Set the listing down again exactly, please, apart from its pictures.

===== Given data

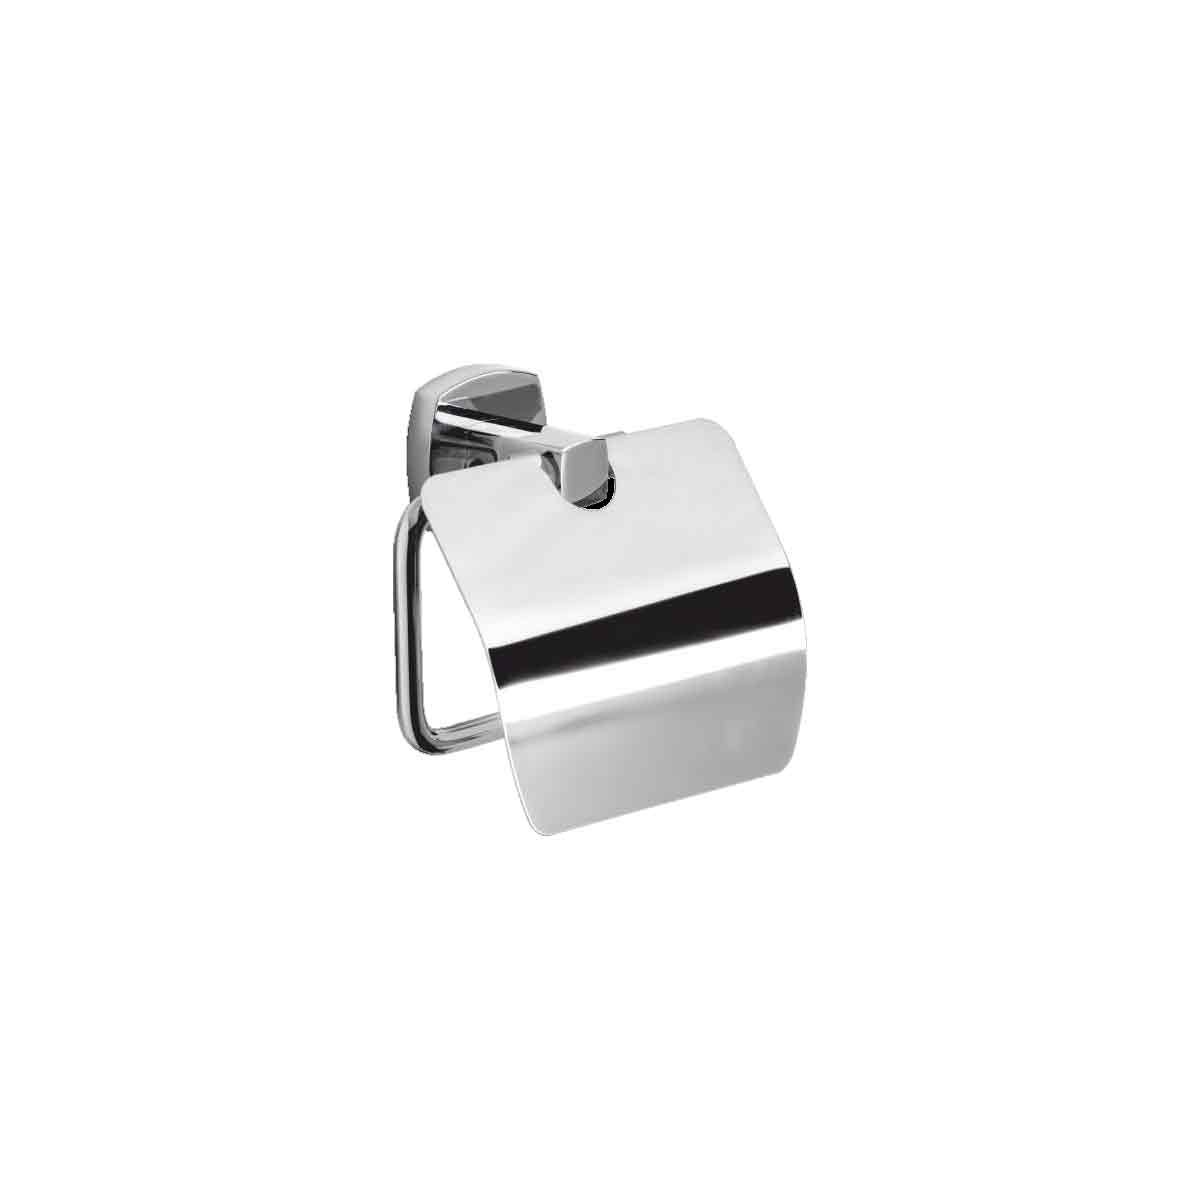 Closed toilet roll holder Q-line
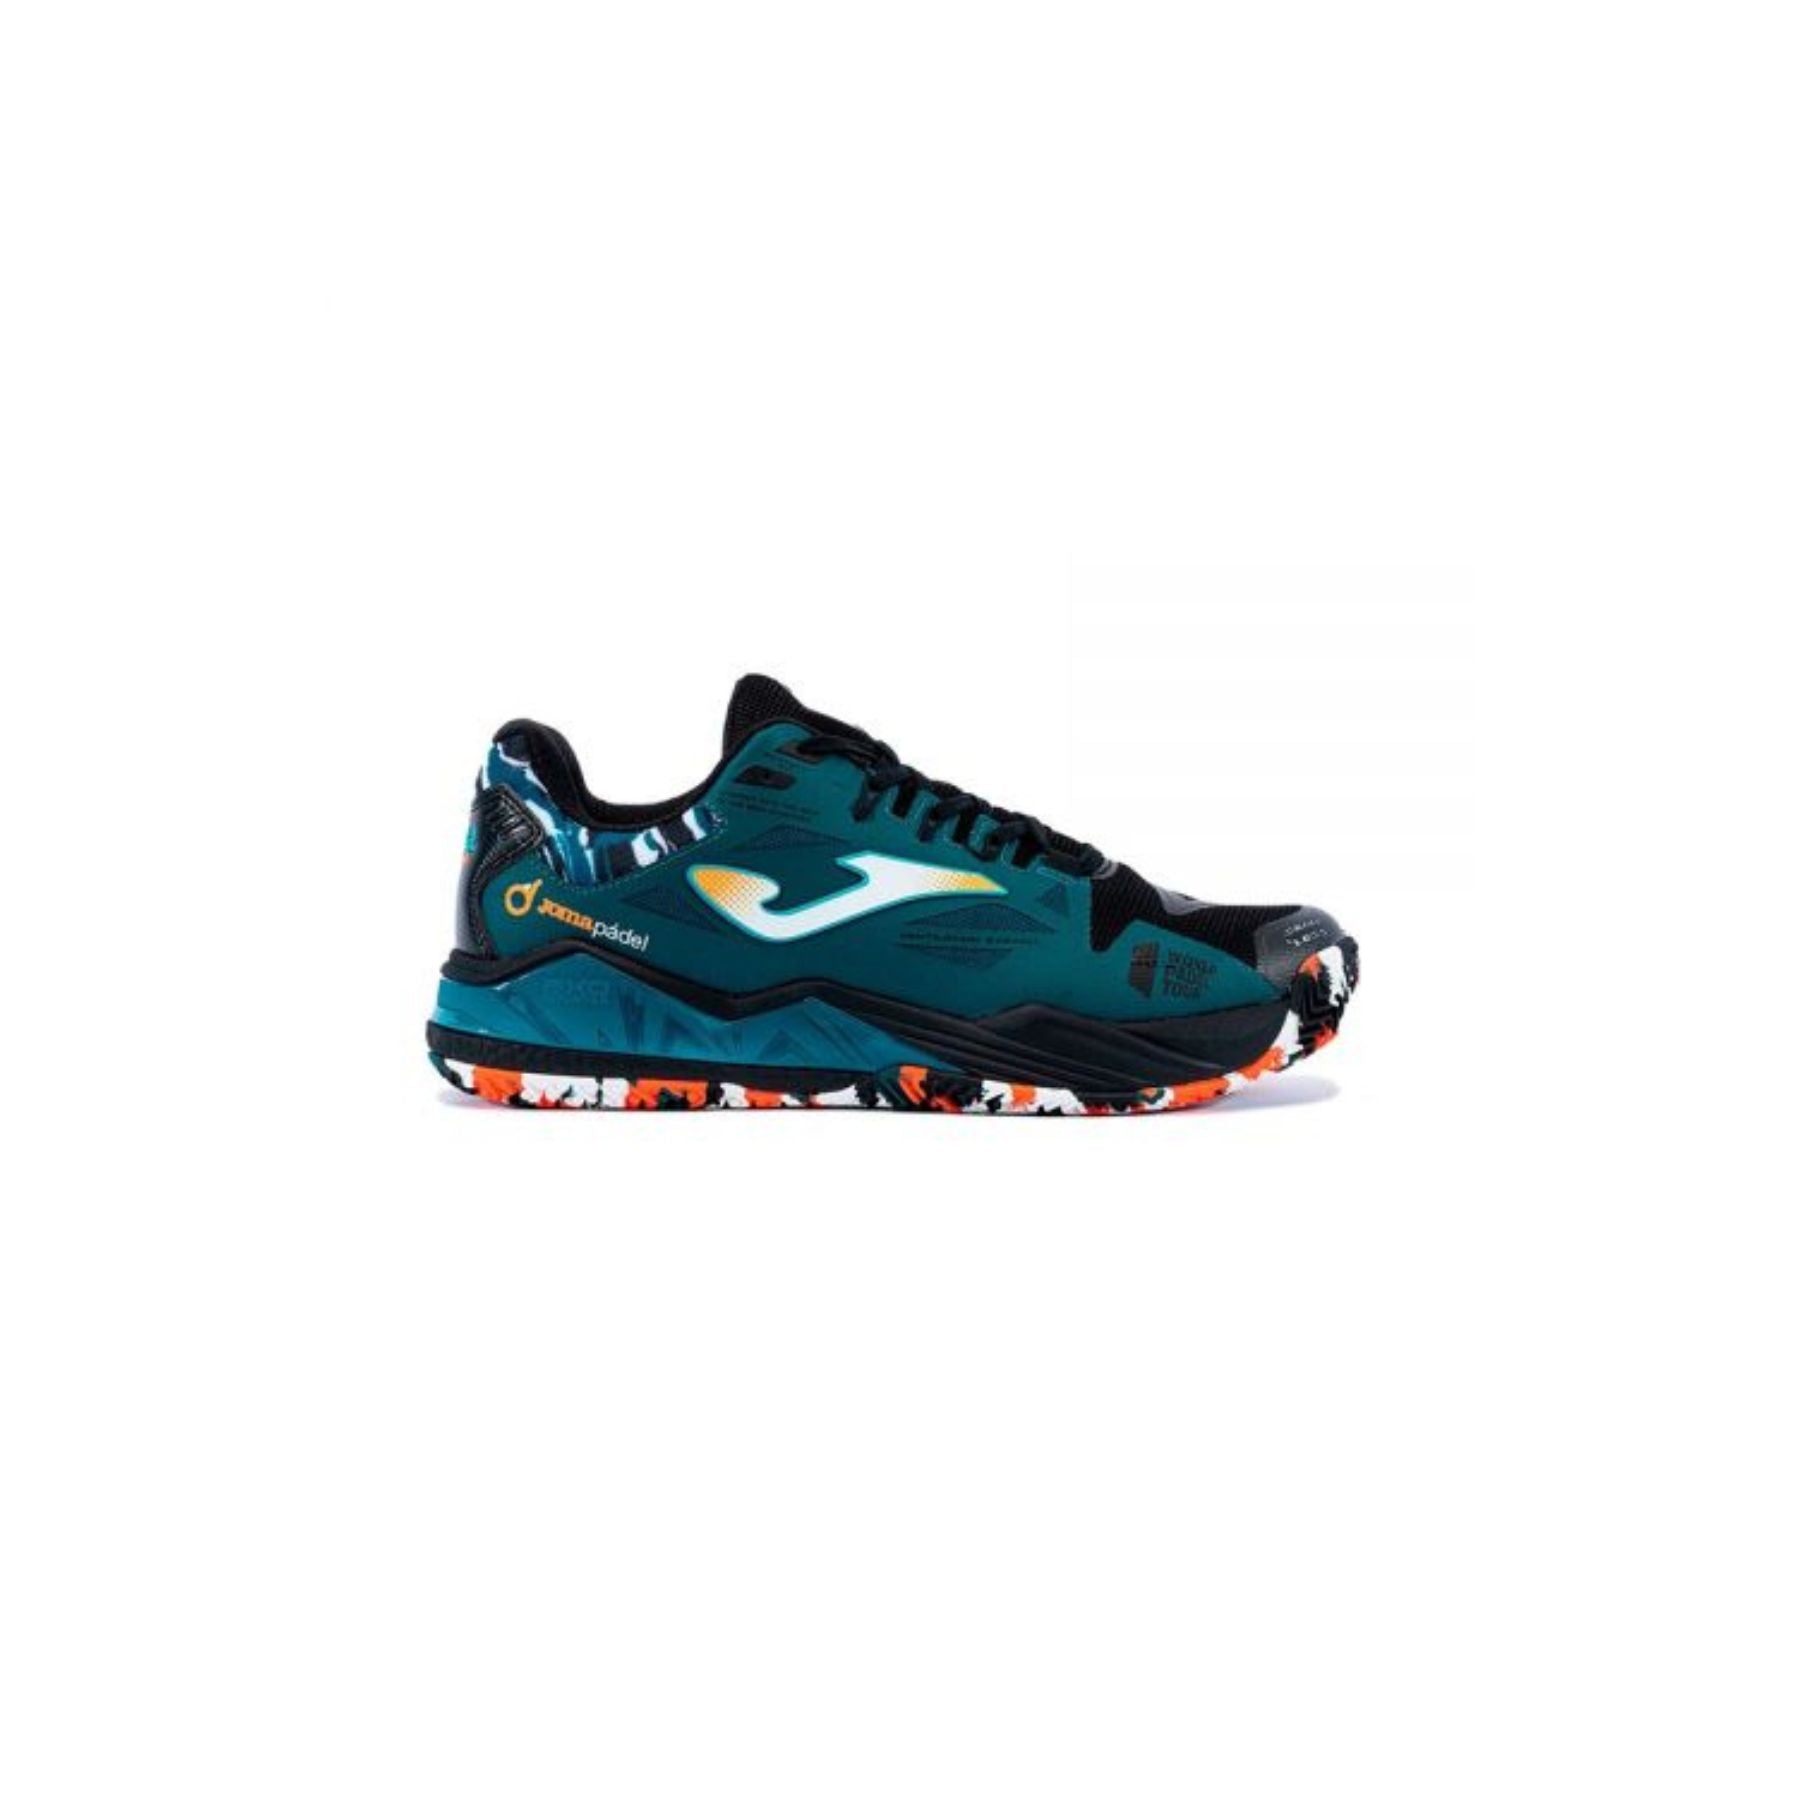 JOMA T SPIN 2301
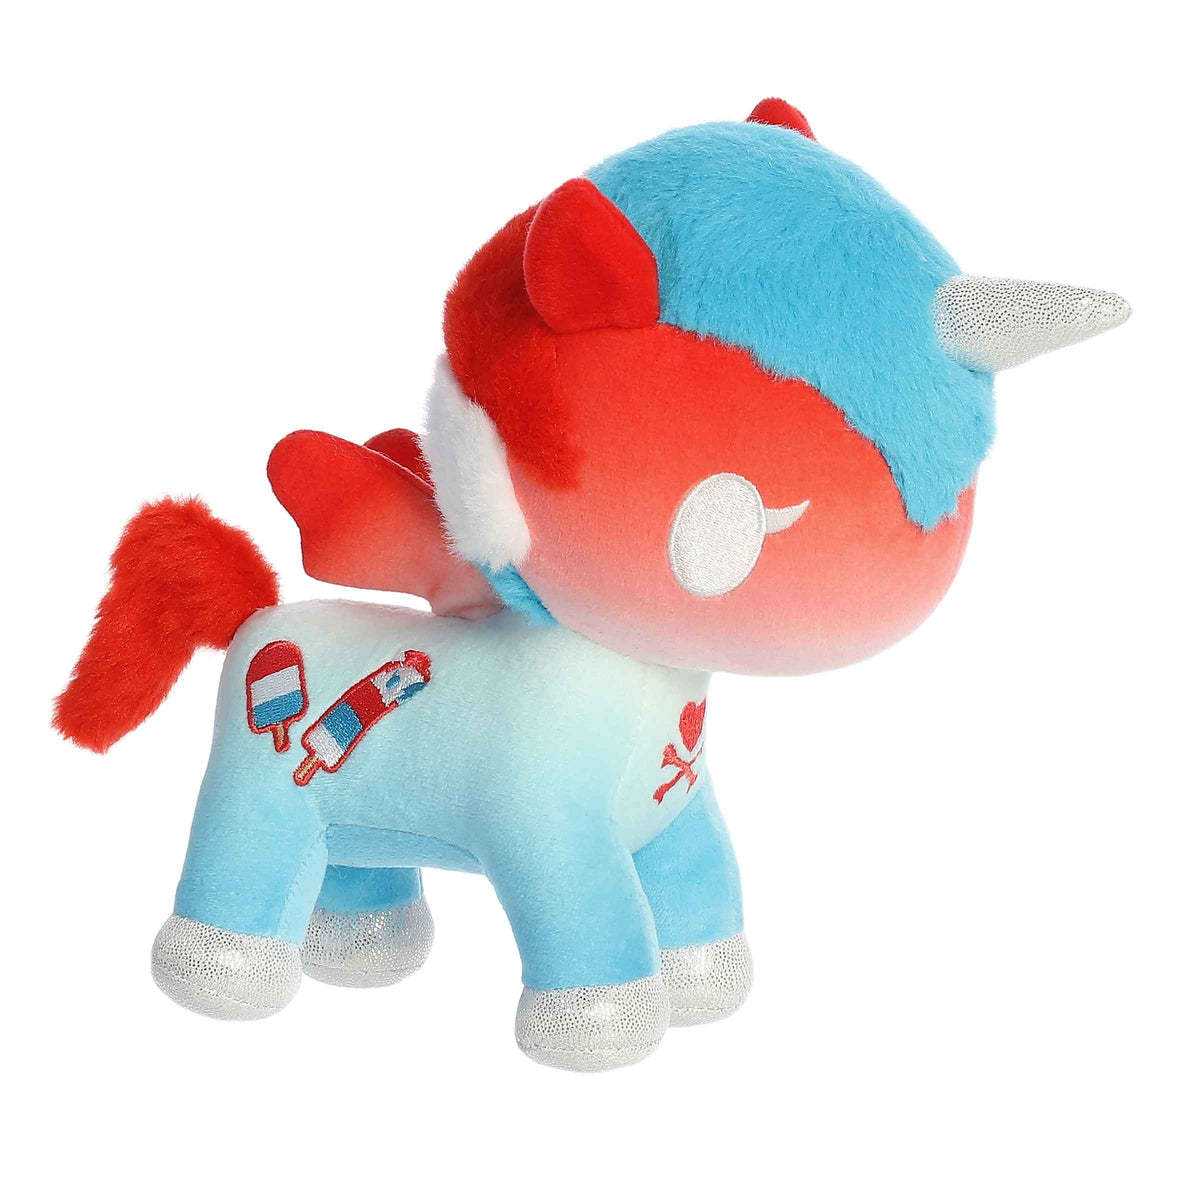 Summer-Cicle Unicorno plush from tokidoki by Aurora, blue with red and white unicorn mane, popsicle-inspired, cheerful
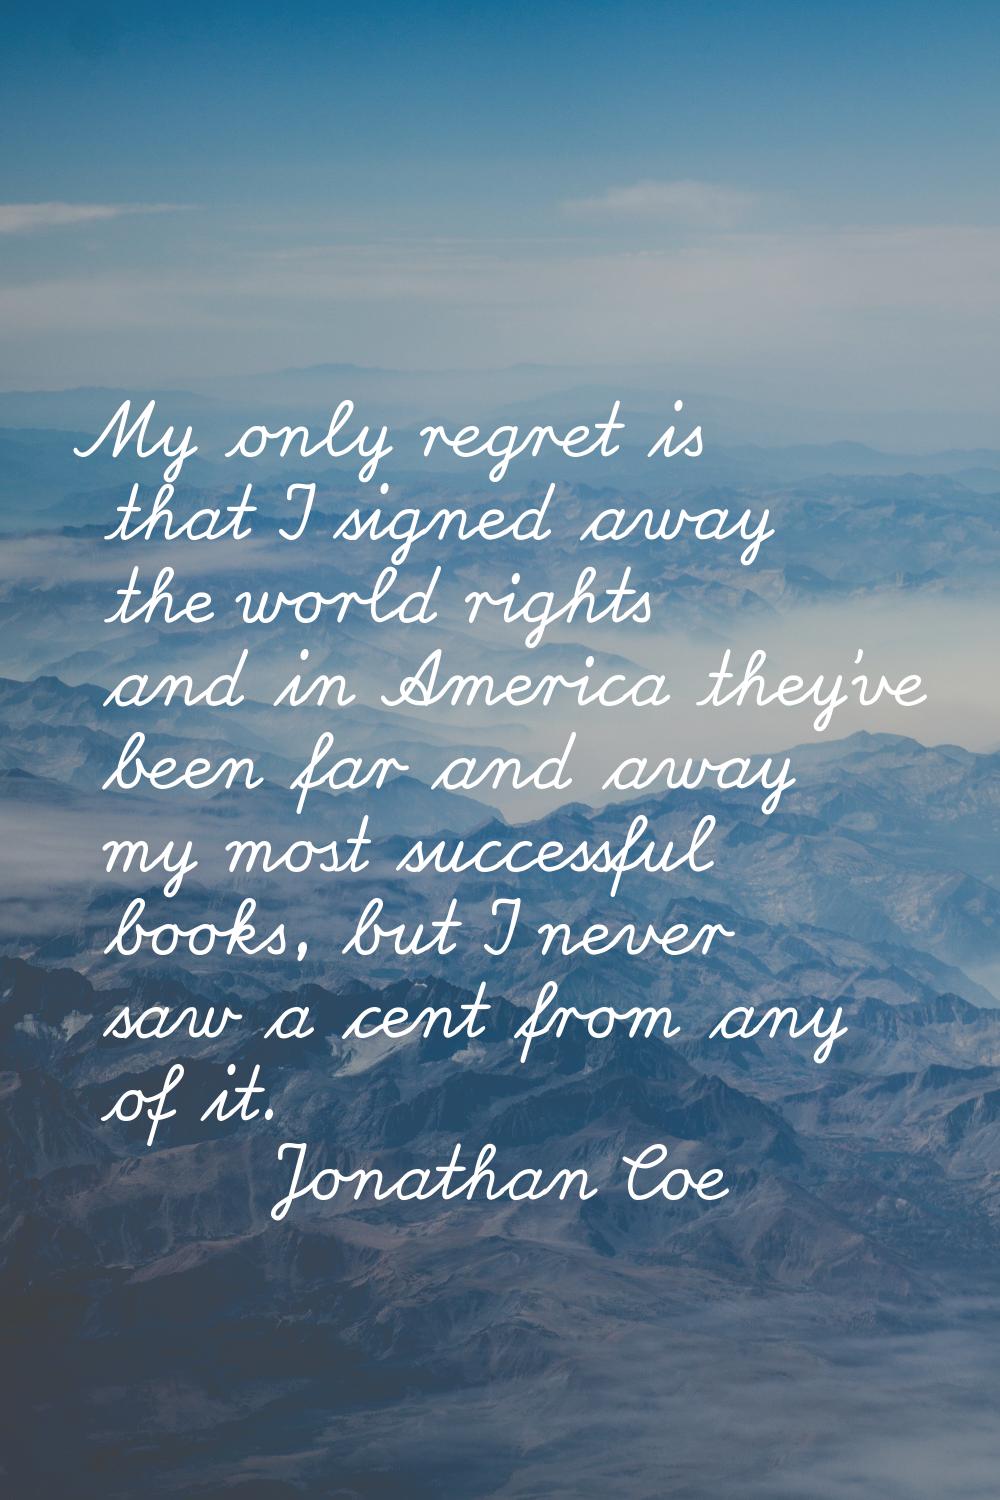 My only regret is that I signed away the world rights and in America they've been far and away my m

==========

**Output of the task:**
 Closed toilet roll holder Q-line
 JOMA T SPIN 2301
 Summer-Cicle Unicorno plush from tokidoki by Aurora, blue with red and white unicorn mane, popsicle-inspired, cheerful
 My only regret is that I signed away the world rights and in America they've been far and away my m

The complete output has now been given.